Very few of my friends were religious and no one in my year level cared about Christian Studies at all. I definitely didn't connect to the dull way the messages were sometimes delivered. I wasn't inspired or excited by anything they were talking about and it felt like an old 'fuddy duddy' person thing to be into.
I've always been a spiritual person and been into magic and mystical things. Connecting with the divine, angels and spirit guides has always been close to my heart (I saw angels twice when I was 8 years old, right after my dad died) so it felt like my beliefs and experiences directly went against The Bible.
In the middle of 2016 when I was home alone for a month while my mum and her partner went travelling overseas, I started searching for churches in my area online. I wasn't sure why and I didn't end up going, but I looked at every website of Gold Coast churches I could find, as well as some Brisbane ones. There was one that stood out to me - Elevation - but I didn't look into it further than that.
In December I was starting to feel like I was being guided towards Church. It first started with meeting my new friend Sophie at at the Indisposable Concept gallery event who mentioned she was a Christian. After adding each other on FaceBook and talking later that night she mentioned that she goes to Elevation and invited me to come along sometime. I was intrigued but I couldn't help be a little nervous and resistant to the idea of attending church because I have been so set in my spiritual beliefs for the last two years.
Something that has come up for me while thinking about Church, is that I have an issue with the word "God". It's like this feeling of just inner clenching through my body when I hear it. Jesus I am fine with (this took some time) but the word God just puts me off and causes this unconscious reaction. Maybe it's because so many unjustifiable, despicable acts have been done in the name of God. Even when I got into the medium James Van Praagh and he talked about God as the source of love, it still made me feel this way. I'm not sure if this feeling will go away or if it will always be with me.

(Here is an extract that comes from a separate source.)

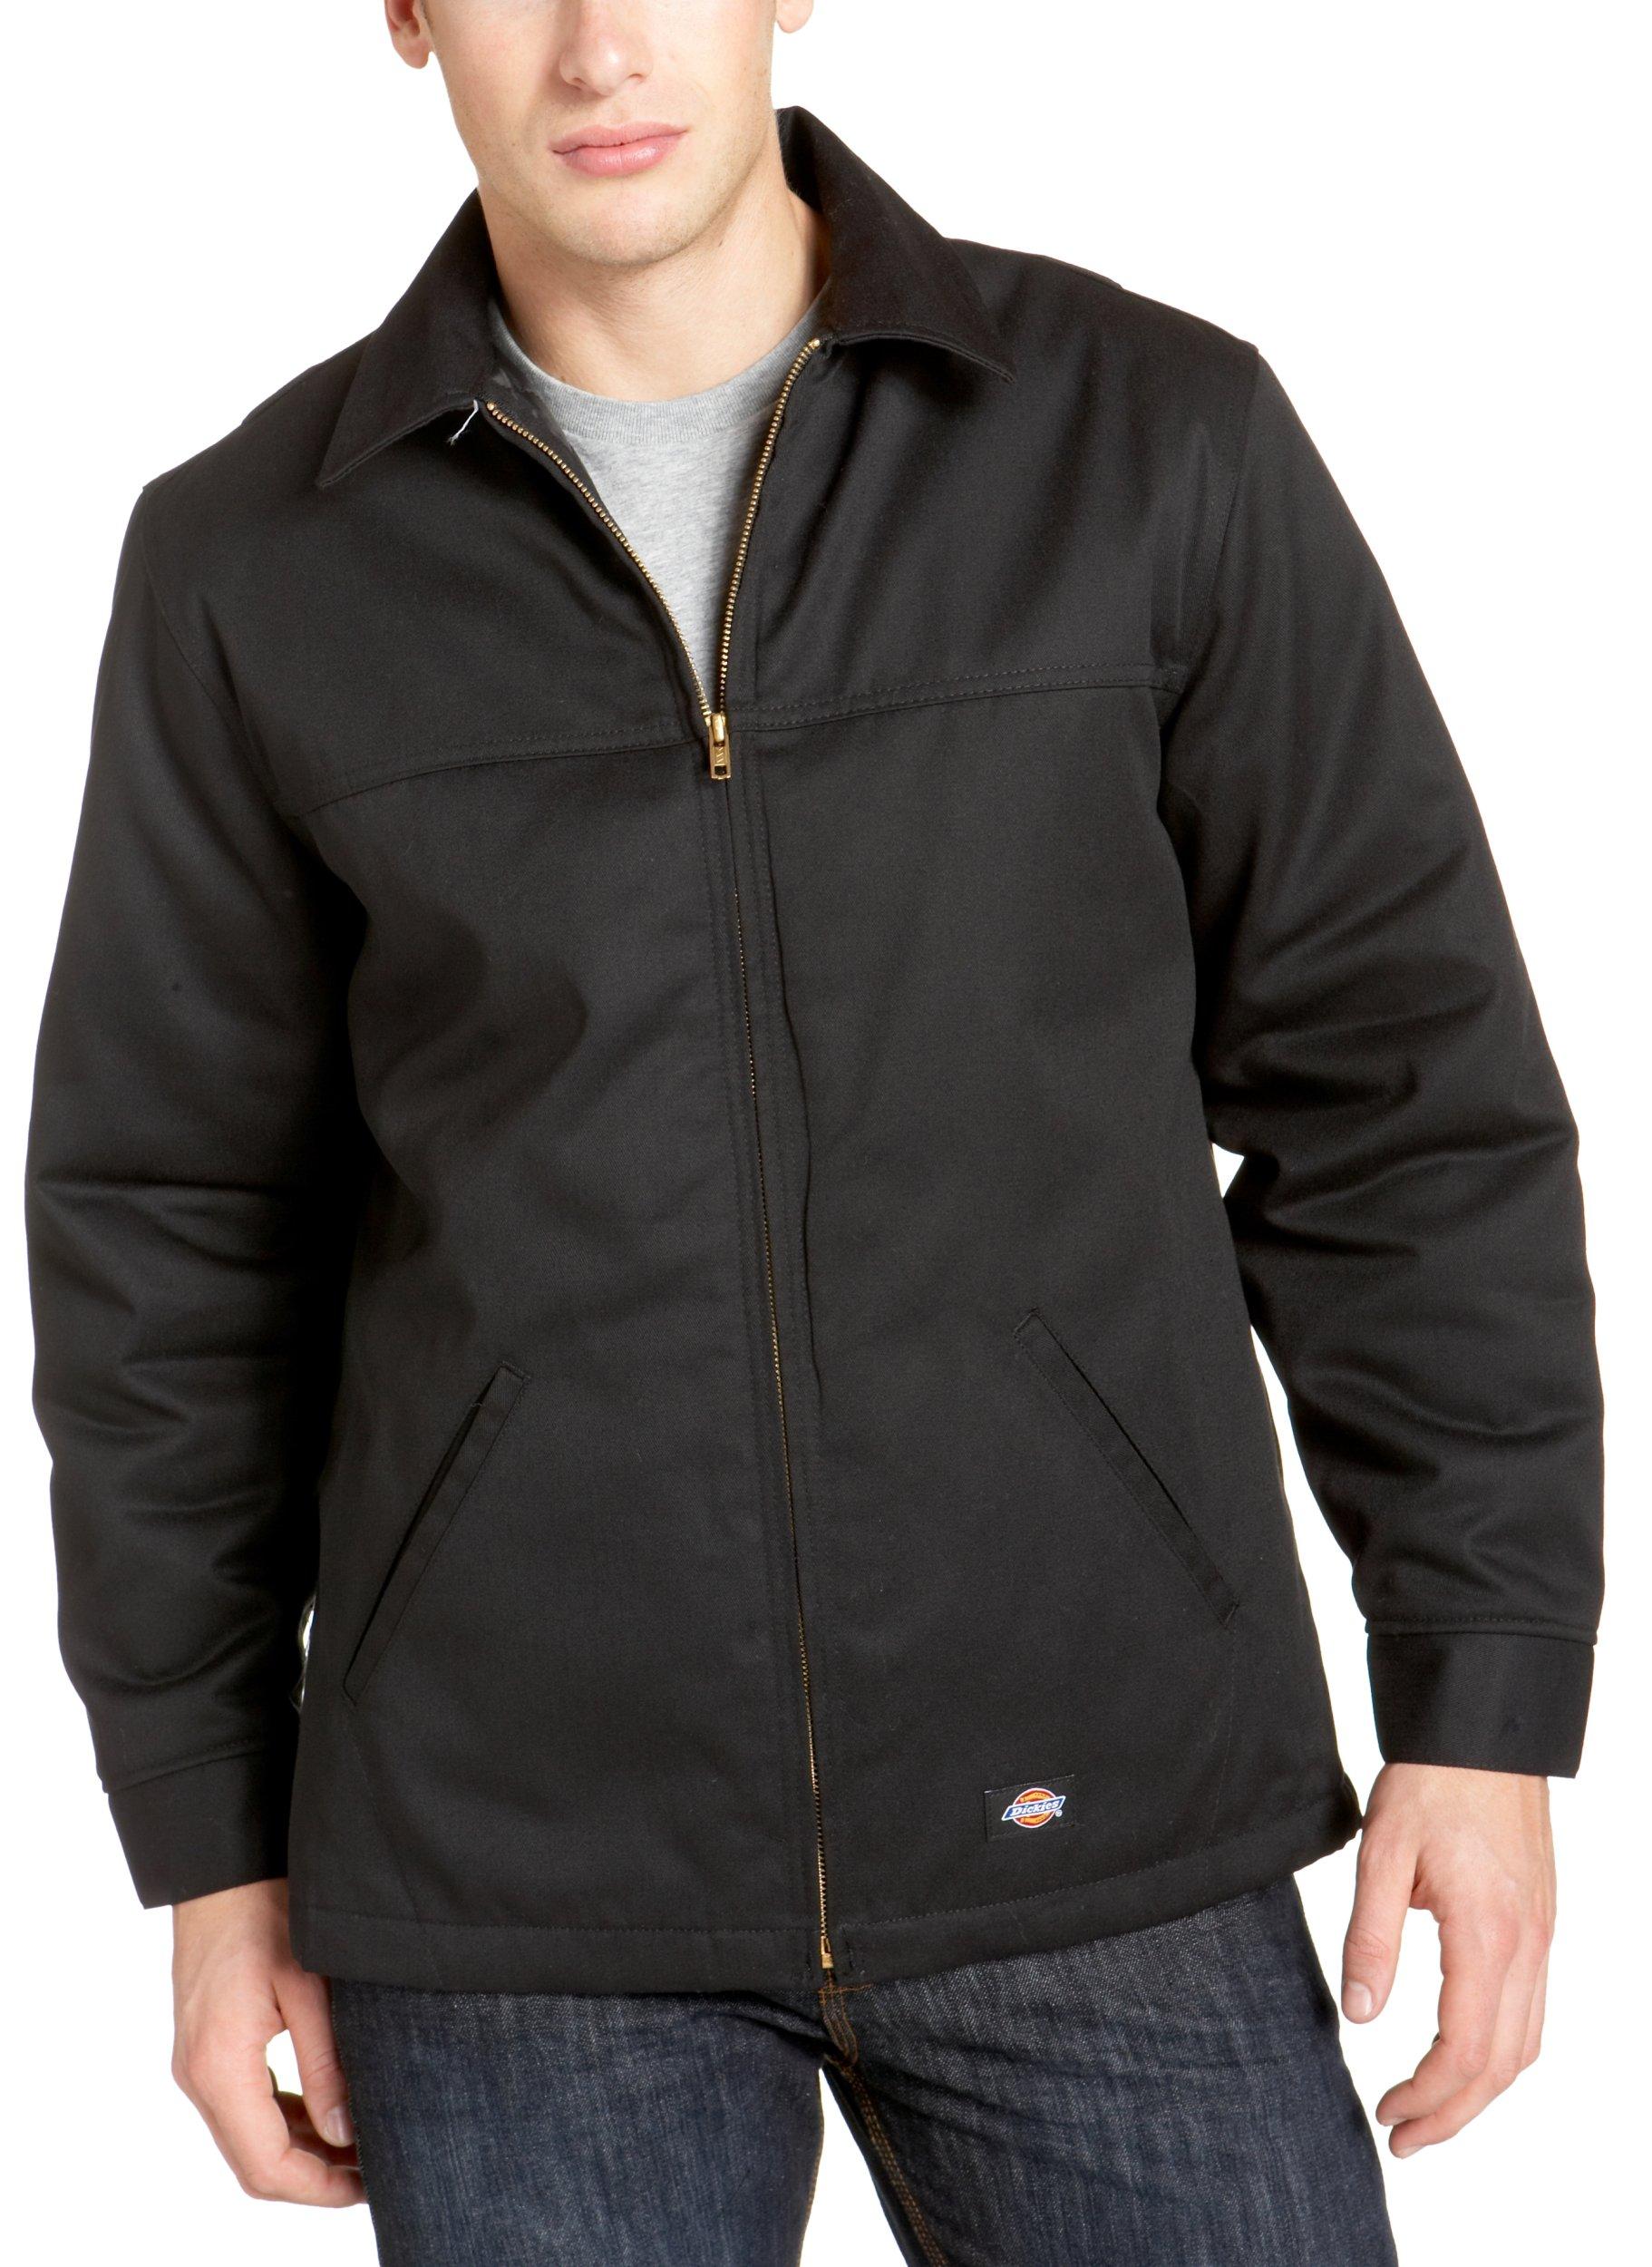 Dickies Men's Hip Length Twill Jacket, Black, Medium by dickies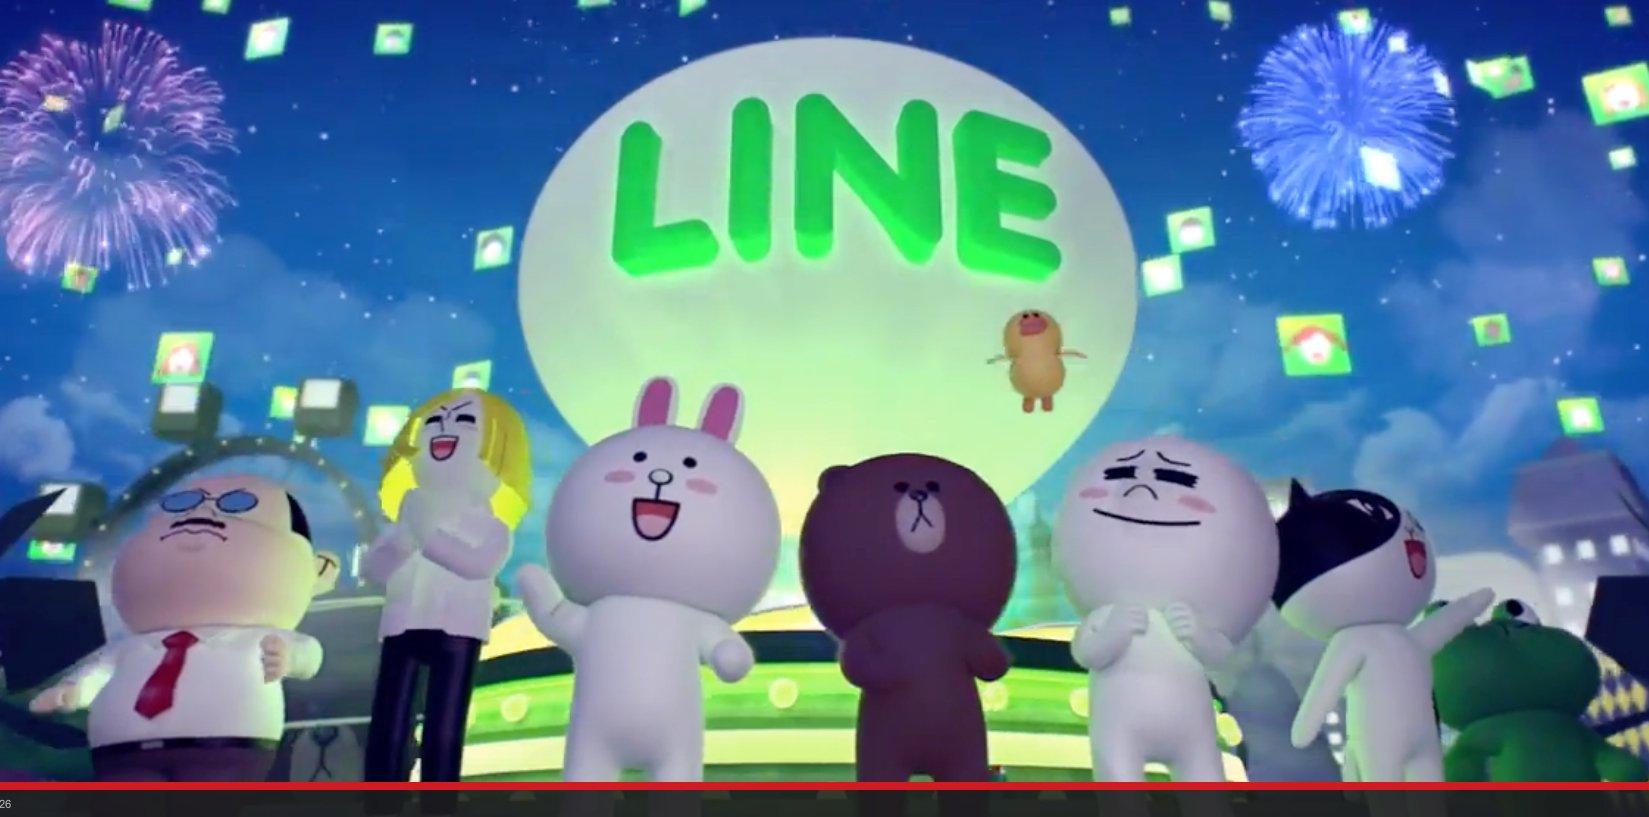 LINE: WhatsApp Konkurrent mit 300 Millionen Mitgliedern 8

Last Sunday night I went to Elevation for the first time. Sophie wasn't there as she had to work, so I went stag. I am actually really glad that I did because it was a very profound experience for me. I got there 5 minutes before it begun, went into the auditorium, sat down, and wanted to cry. A few tears were welling up in my eyes, then the service started. The second the band came on stage a flood of young people came running in to the Church and hurried to find some seats. The band got it started by performing 3 songs (which made me cry even more because music always moves me). It surprised me how enthusiastic the group was and how into the music they were - the teenagers were jumping and so passionate about it. Whenever the band performed songs at school everyone just stood or sat there doing nothing, then did the polite clap when it was over.
After that, the service started. The founder of the Church (possibly) came up to introduce the evening, then there was 60 seconds where you had to talk to someone next to you or around you that you don't know. The guy in front of me turned around and introduced himself to me - Mike. He was really warm and friendly and we did the basic chit-chat while tears were still streaming down my face. After that the pastor began his sermon on the monthly theme "Atmosphere" and the sub-theme for the week was Agreement.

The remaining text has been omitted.